# Leaky chimney



## Davee (Dec 12, 2009)

I have a brick chimney that drips rainwater into the fireplace but only when it rains a lot and when it is windy.  I installed a chimney cap and inspected the exterior bricks but cannot find where water could be seeping in.  Anyone have any suggestions? Thanks.


----------



## oldognewtrick (Dec 13, 2009)

davee, sounds like you have a pre-fab chimney with a metal, flat pan top to it. If so, what you may need is a new metal cap fabricated. What usually happens is the chimney insert installer will fab up a cap and nail it down to the wooden chase with 16 penny nails. Over time water will pond and the caulk on the nail heads will go away and you have a leak. At this point the cap will rust cause its probably been ponding water. If you have to replace a cap make sure it is attached from the side and crowned on top. 

Now if you have a true masonry chimney thats still leaking after you put a cap on you are getting water through the mortar cap. This can be fixed by tuck pointing the mortar cap or sealing it with a masonry sealer depending on the size of any cracks. Sealers will not bridge large cracks but will act as a water shed so you don't get water soaking into the mortar.
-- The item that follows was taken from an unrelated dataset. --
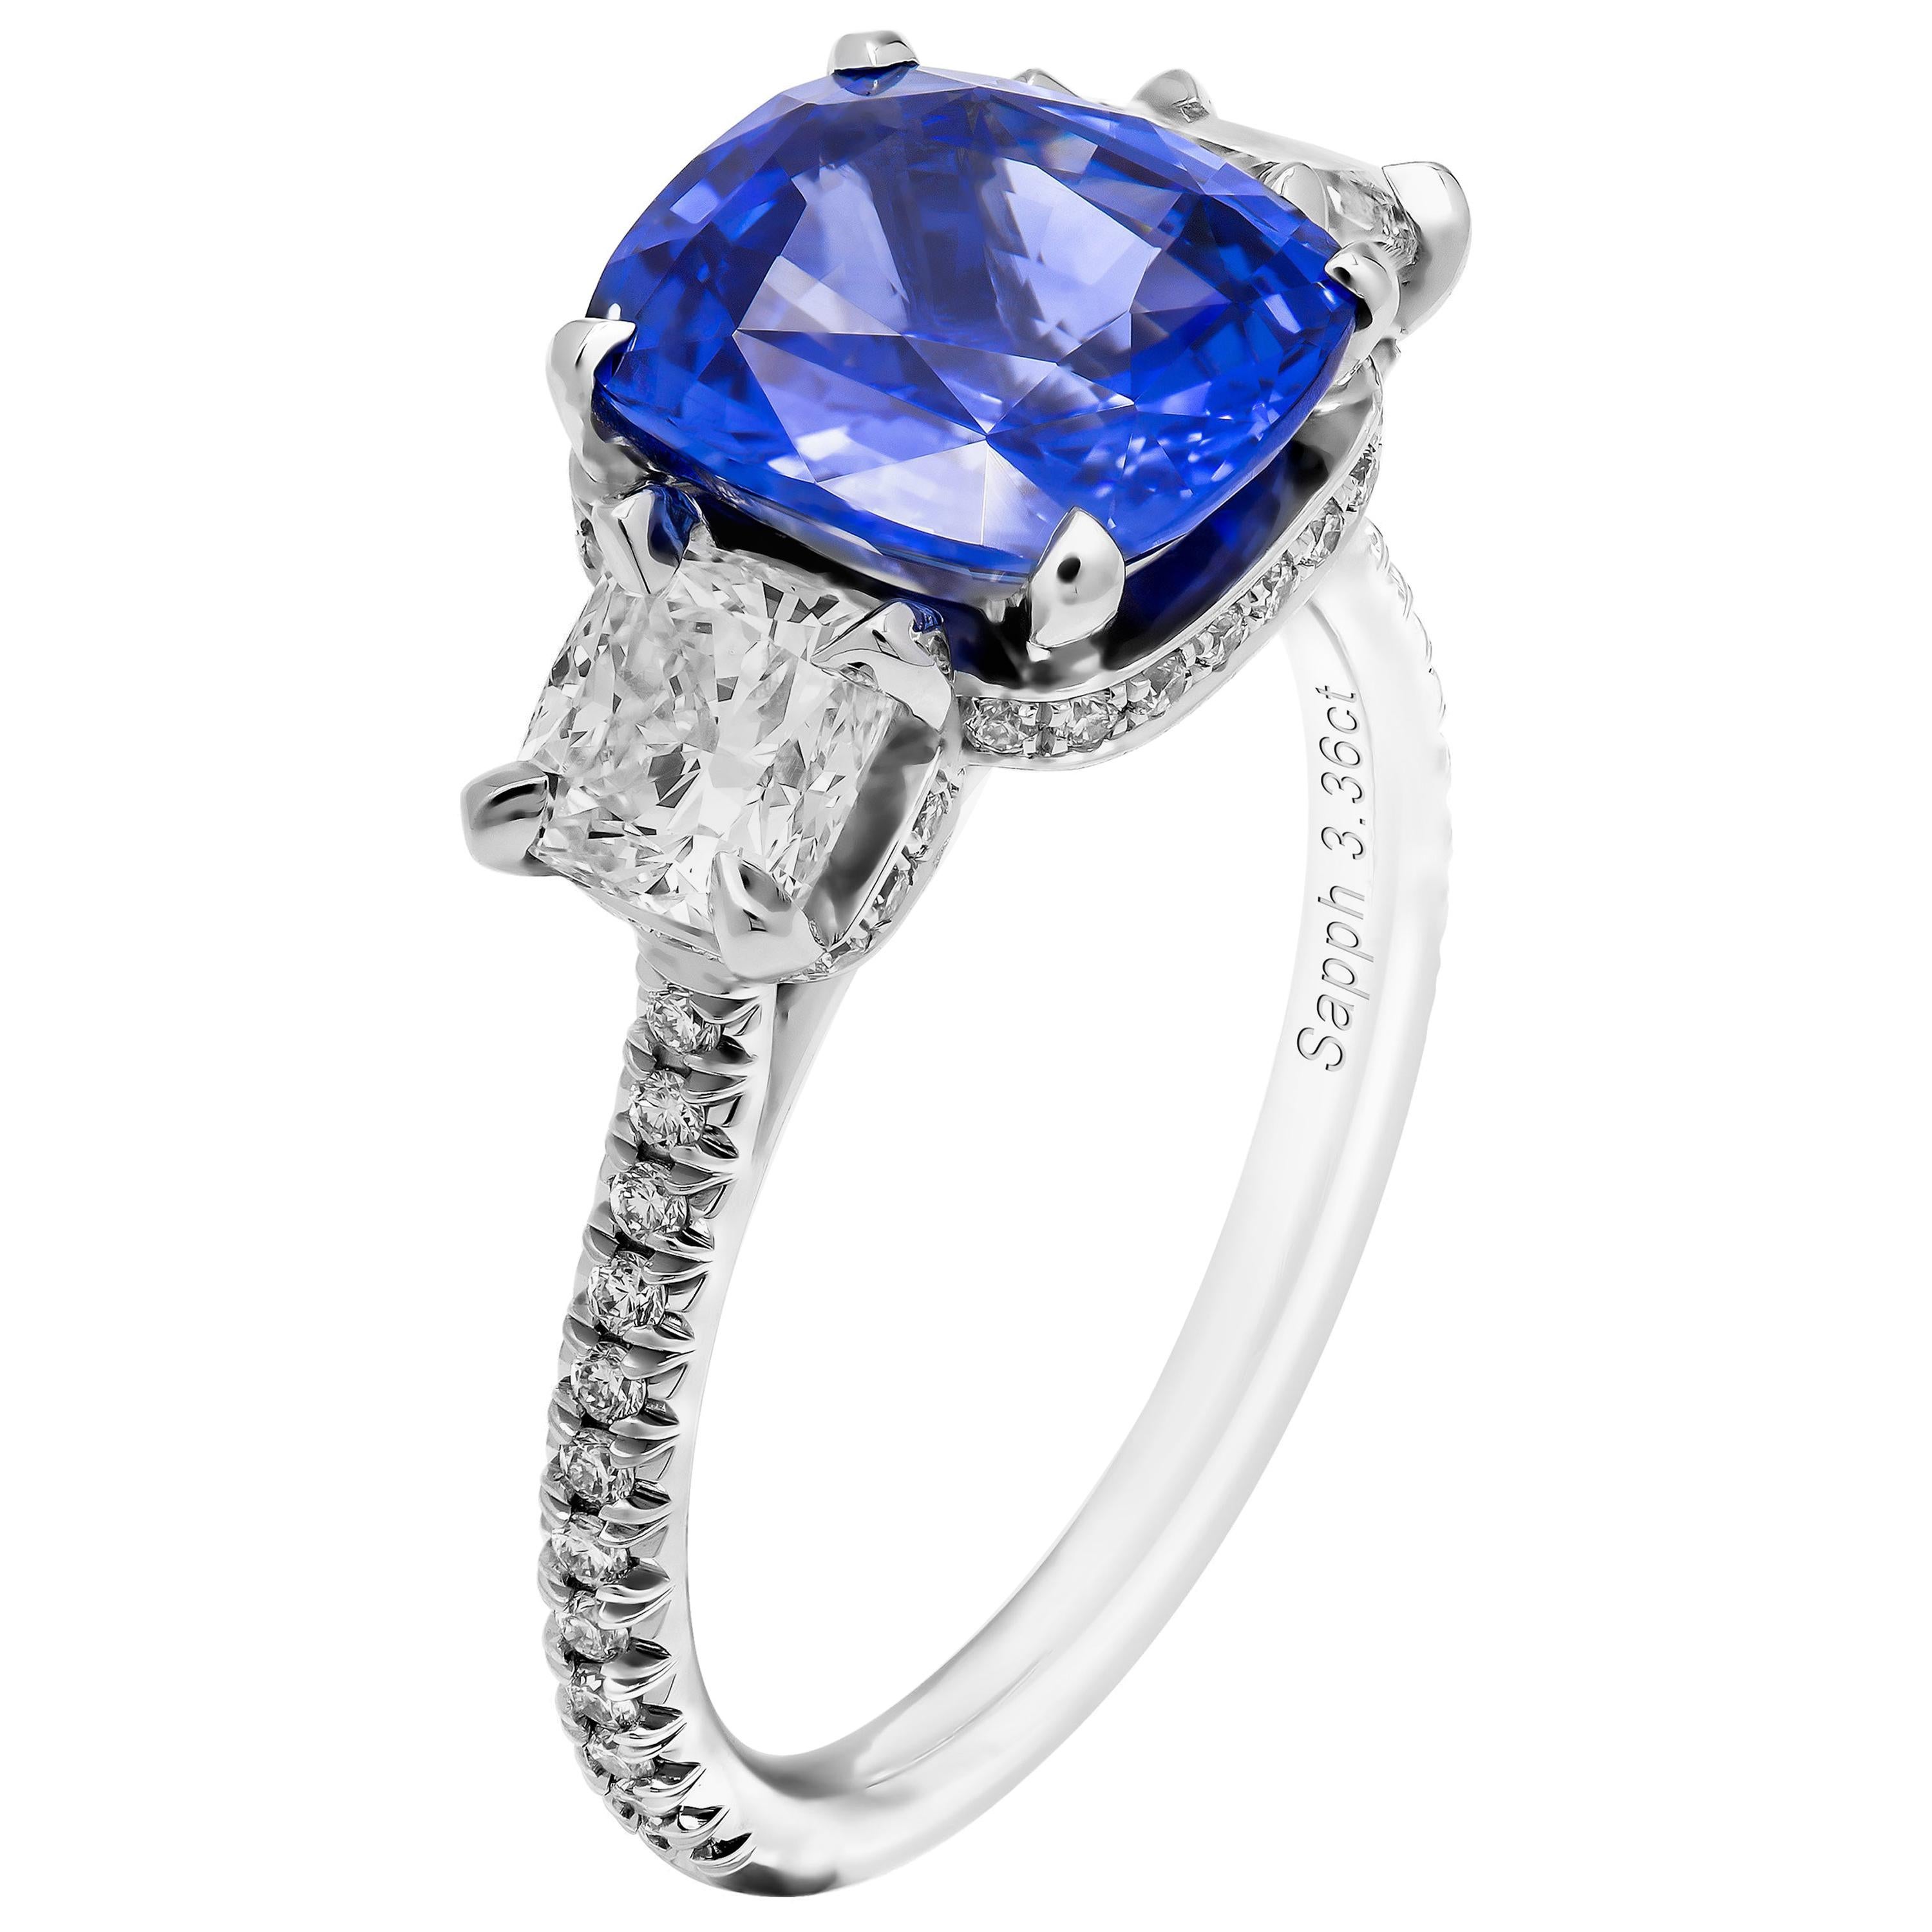 GIA Certified 3.36 Carat Blue Sapphire 3-Stone Ring
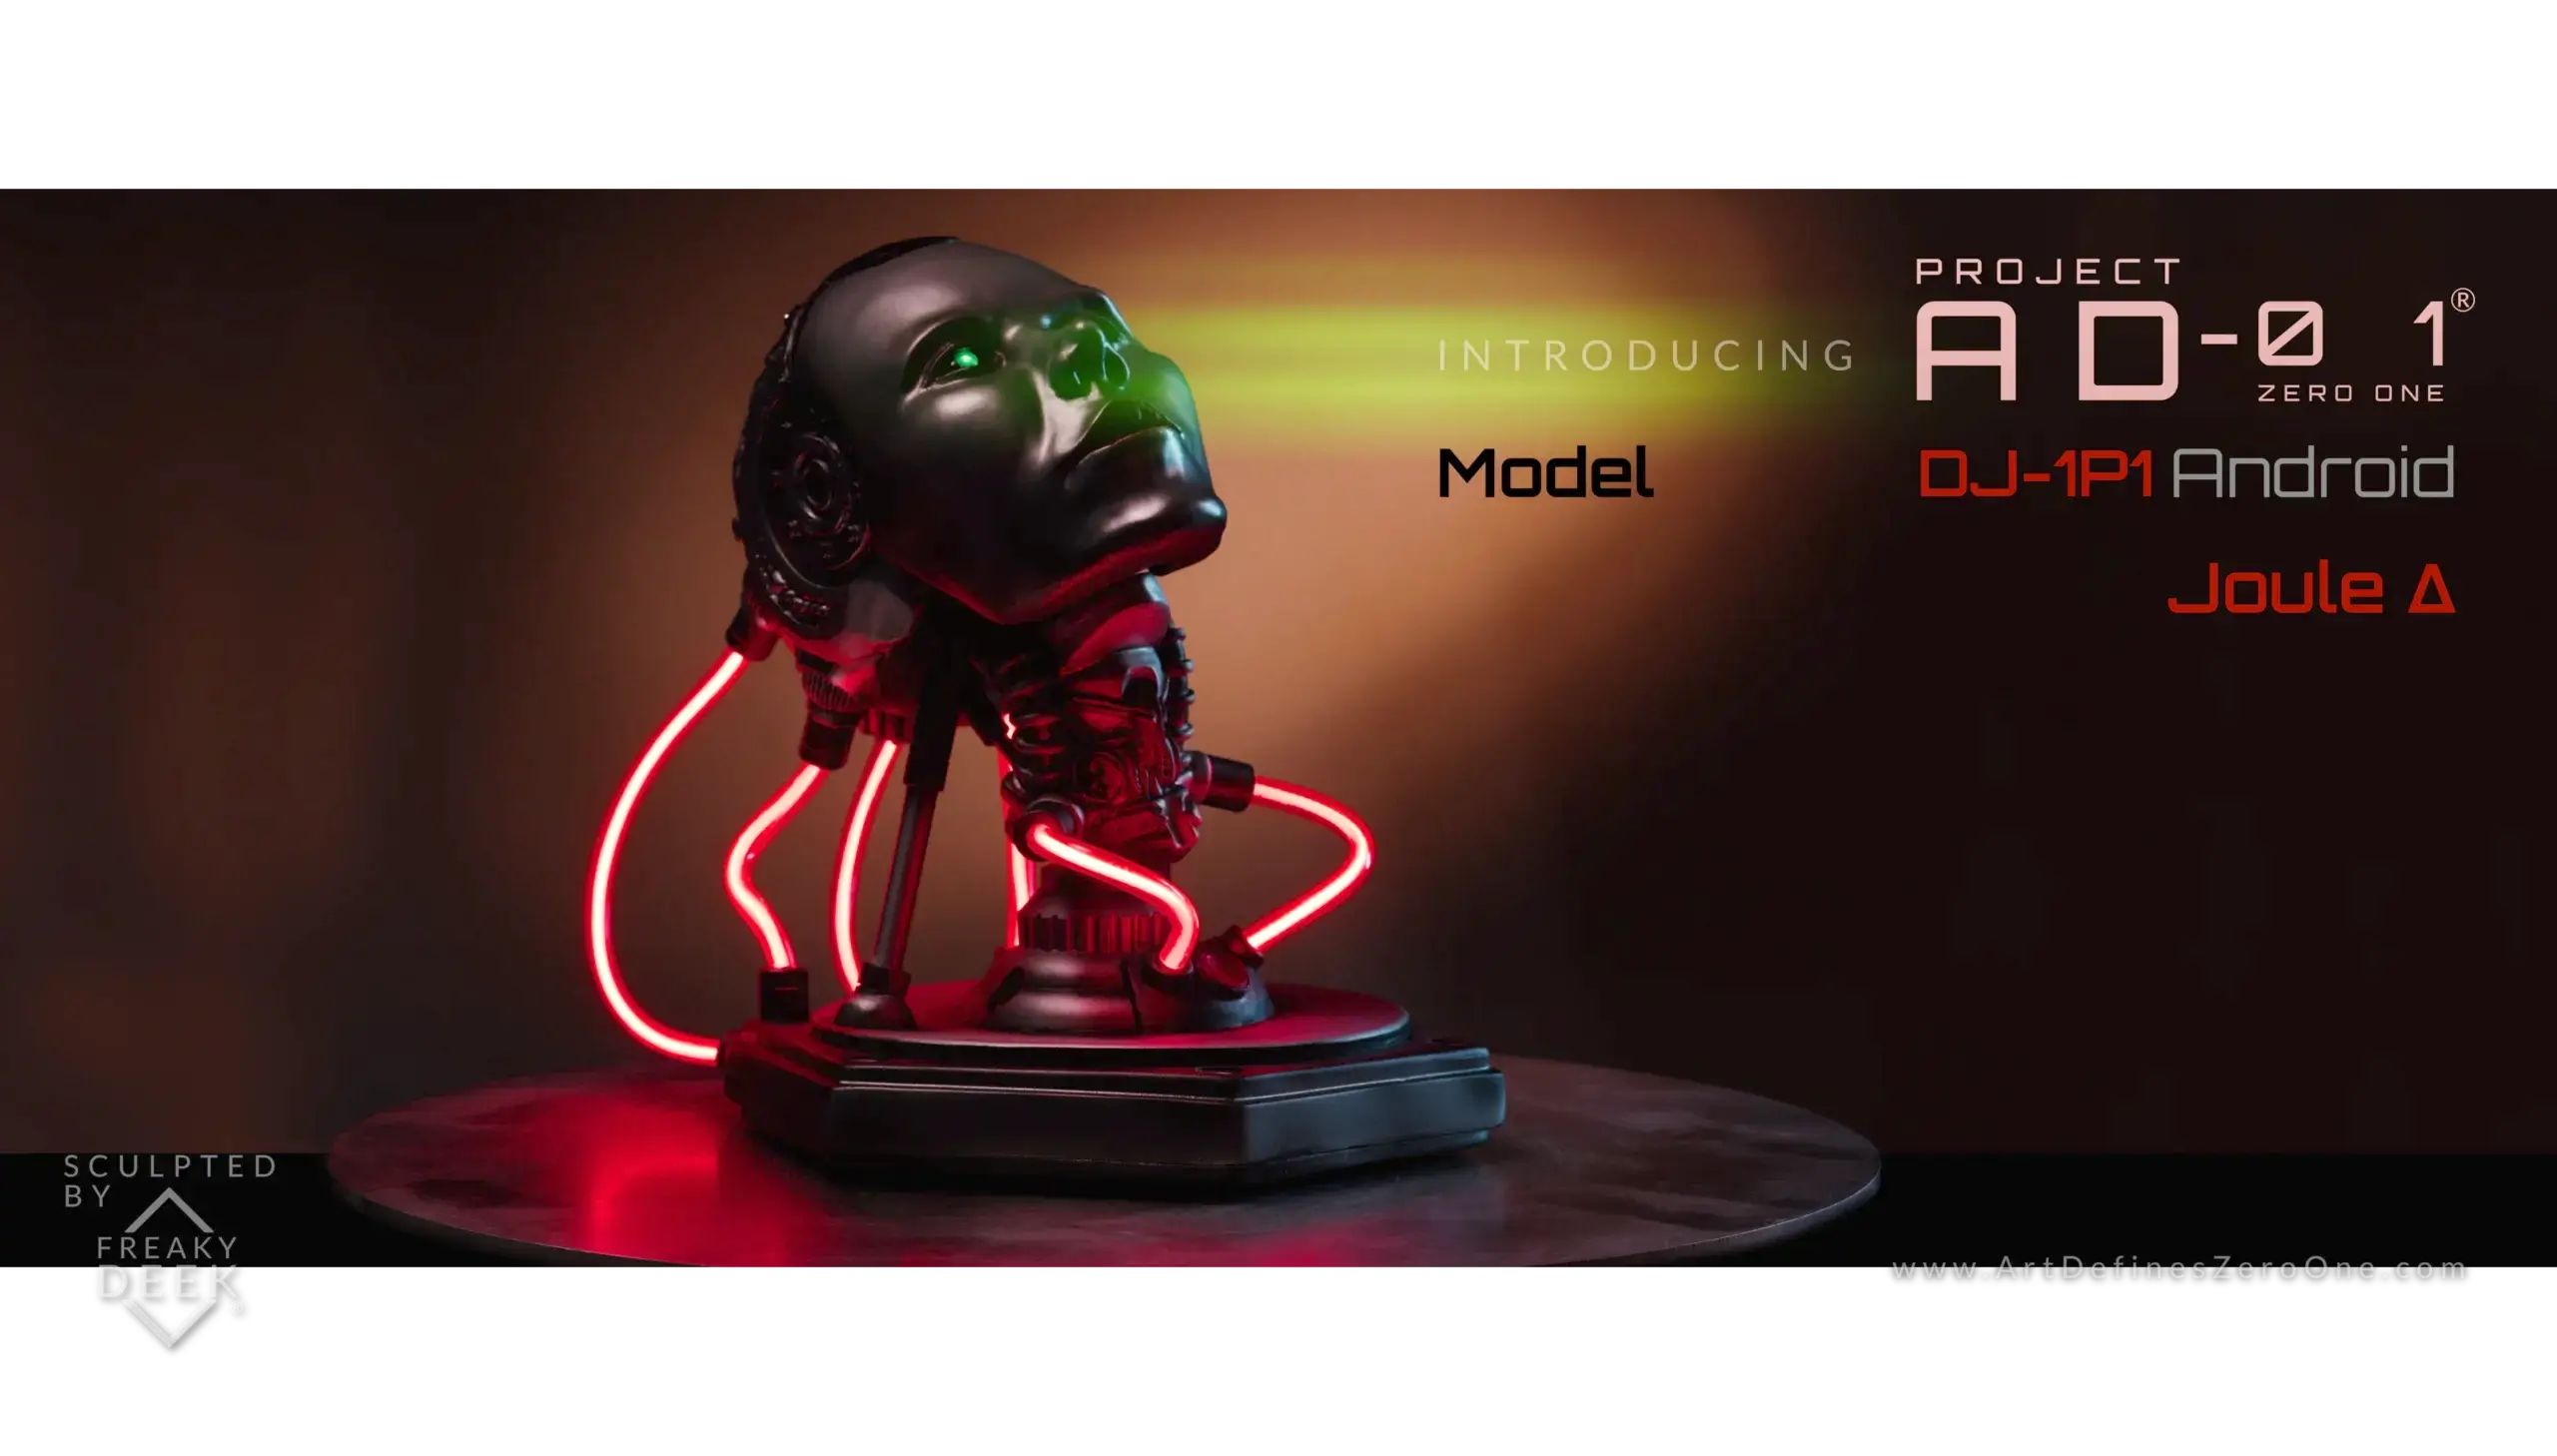 Project AD-01 handmade android sculpture Joule with red LED light front view

If you can post a pic of you chimney top.


----------



## Davee (Dec 14, 2009)

Thanks olddog.  I wIll take some pics and post them.  How do I determine if it is pre-fab or not?  The house is 30 years old.  Thanks.


----------



## travelover (Dec 14, 2009)

Is the chimney made of bricks and mortar?


----------



## Davee (Dec 15, 2009)

Yes, the chimney is made of bricks and mortar.


----------



## oldognewtrick (Dec 15, 2009)

The two types of brick chimneys are brick veneer and true masonry chimneys. A brick veneer chimney starts out as a wooden structure that is framed with studs and some sort of sheeting, then a brick veneer is applied to the outside of the chase. The brick is a veneer and is not structural in nature. A metal firebox insert is installed in the bottom and a metal flue extends up through the hollow chimney chase. At the top a flat metal cap is installed to weather proof the top of the cap, it has a hole in it for the metal flue pipe to extend through. If these caps are made of galvanized metal they will usually rust. Most of the time they are nailed through the top and the nail head caulked. This will leak over prolonged exposure to the elements.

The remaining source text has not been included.